Steve: So, but to say something a little bit controversial. If I were to go to the annual meeting of the neuroscience whatever it’s called. The association … And poll people, have them react to that statement to … How many of them do you think would have a relatively deep understanding of what that sentence might mean? Our brain is too complex to be understood by our brain.

Corey: Well, can I jump in here? I think partly it’s just the question’s a little bit grossly formed, right? The idea of understanding the brain as a whole level I think doesn’t make a lot of sense. I think … And this is true of biological phenomena in general.

Steve: And that’s broadly understood by neuroscientists.

Corey: I don’t know. I haven’t polled people. I think so. I think so.

Steve: Well, you live in a community …

Corey: No, I think so. People work on tiny, tiny phenomenon. This is true of biological phenomena in general. Here’s an analogy. Suppose someone says, “How does the natural world work?” Right? How does the earth work? I see these animals, and they get some food, and then they go mate, and they have some babies. Then things die. It’s all so complicated. I mean …

Steve: Well, you just gave a nice compressed description.

Corey: So by narrowing … But I narrowed down to a small, tiny phenomenon. I didn’t try to theory the whole thing, right?

Steve: Yes, exactly. Exactly.

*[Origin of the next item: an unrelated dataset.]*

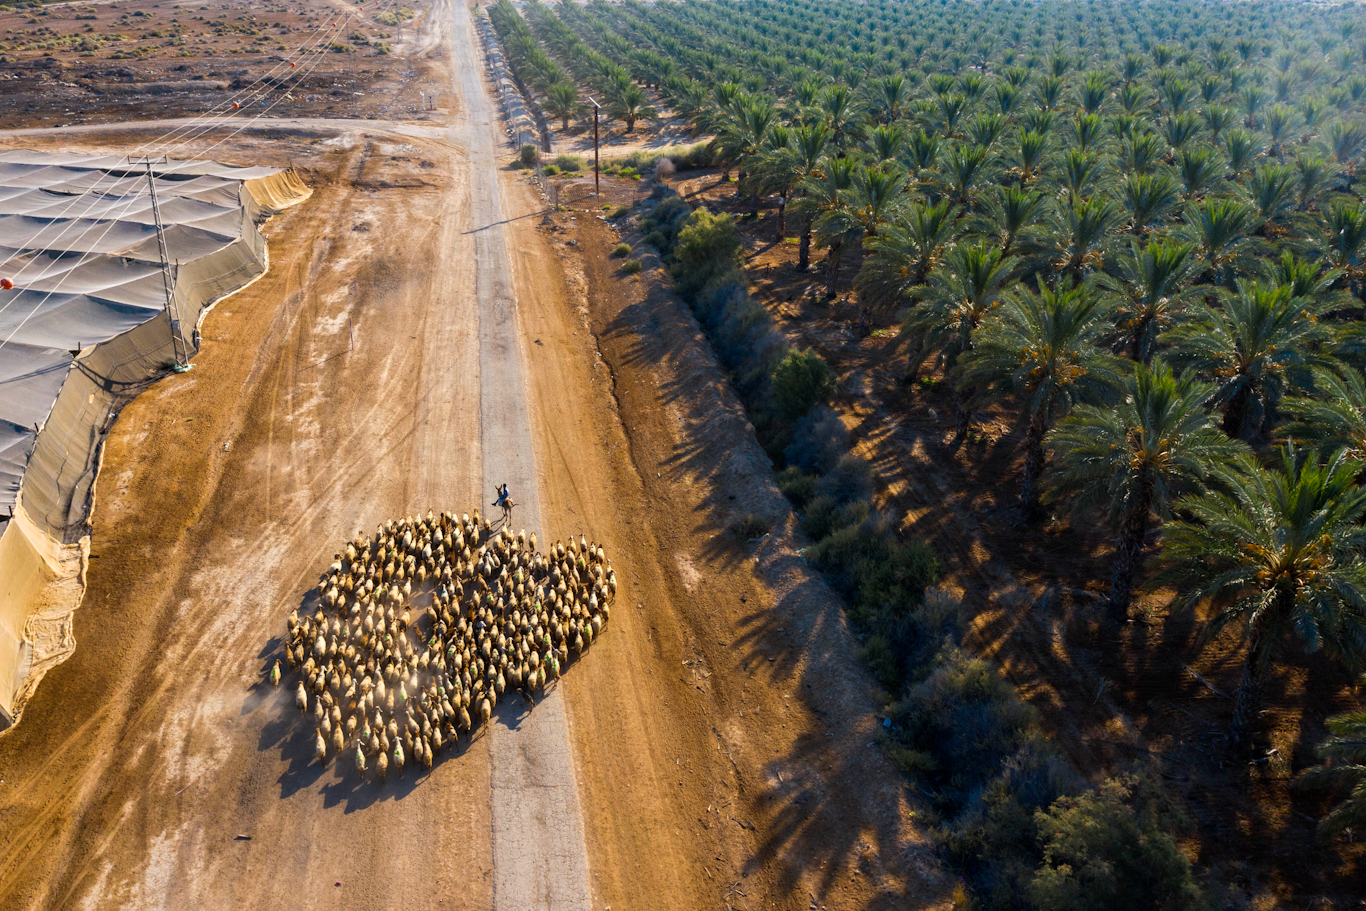 A Palestinian shepherd herds his flock in the Jordan Valley, June 30, 2020. Oded Balilty | AP

Exactly.

Corey: That’s [inaudible 00:42:11] how biology works, neuroscience works. You have tiny theories. Generalizations that don’t go very far, apply to a fairly small region. Maybe there’s a similar phenomenon in another animal or similar phenomenon in another part of the brain, but you basically have micro-theories. And that’s how it works. Now, to have a global theory of the brain, I think is fantasy. Right?

Bobby: I agree.

Corey: Maybe some super-intelligence could have it, but …

Steve: Very good.

Bobby: I’m pro reverse engineering [inaudible 00:42:36]. At some level, I can make the case that I understand brains to a pretty good approximation already. If I didn’t understand brains, how could I live my normal life? I make predictions, which is one version of understanding, about brains around me all the time. Not as a neuroscientist, but as a human being living and working in the world, I can make predictions now, about if I started talking politics with you guys, or sports, or whatever. As a human being, I’m really good at making predictions about brains.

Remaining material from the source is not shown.